04/20/16 5:35pm

Roast n Co Answers What Came First the Chicken or the Egg?

C+M's new favorite breakfast sandwich.

Tomato jam and white cheddar make for a tasty breakfast sandwich.

The classic New York City bacon egg and cheese sandwich looms large in Gotham’s culinary consciousness, so much so that Times critic Pete Wells penned an ode to it around this time last year. In Forest Hills I purchase my breakfast sandwiches from a taciturn Central Asian gent who runs the coffee cart down the street from my apartment. That is to say I did, until Roast n Co opened its doors a few days ago. The new cafe/rotisserie chicken spot serves up what is fast becoming my favorite breakfast sandwich in the hood.  At $5 it costs more than the coffee cart’s BEC, but it’s well worth it even though it contains no breakfast meat whatsoever. Organic eggs, tomato jam, and Cabot white cheddar on a brioche make for quite an egg sandwich. It’s a close second to Hugue Dufour’s luxe rendition of the egg McMuffin. Since Roast n co is run by Tunisians you have the option of asking for a sidecar of harissa, a lovely concoction of chili peppers, olive oil, and paprika. It’s an option you should exercise.

Roastchix

The roast chicken sandwich benefits from a kiss of harissa.
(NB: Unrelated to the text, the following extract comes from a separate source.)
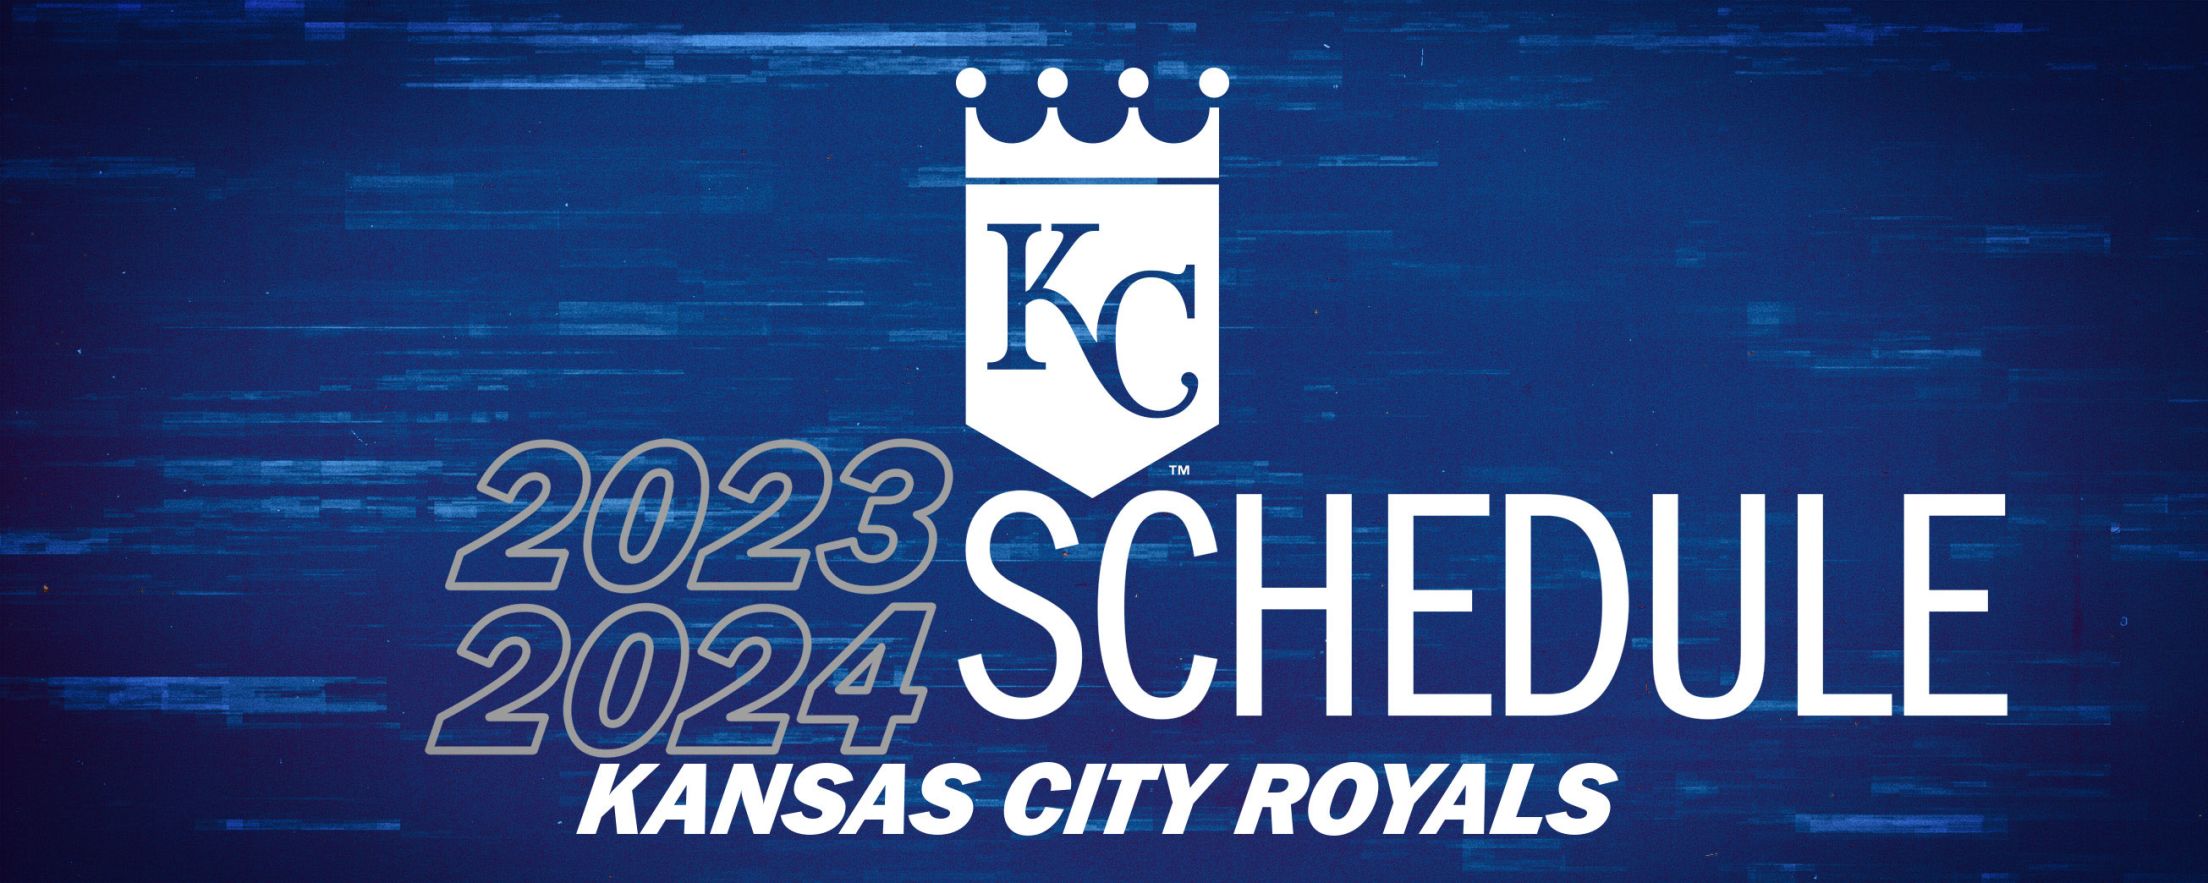 Kansas City Royals 2024 Promotional Schedule esther kiersten

The roast in the new spot’s name comes from roast coffee and rotisserie chicken. It’s not the first combination I’d choose, but it makes sense businesswise. And they’re using all-natural D’Artagnan chicken.

I’ve yet to have a whole bird, though early reports say they’re quite juicy. The chicken sandwich ($8) combines roasted potatoes with tender bird and country gravy. The carbohydrate heavy hero makes a perfect post workout lunch. It’s even better with a kiss of harissa. A side salad of mixed greens in a citrus vinaigrette left me feeling rather virtuous.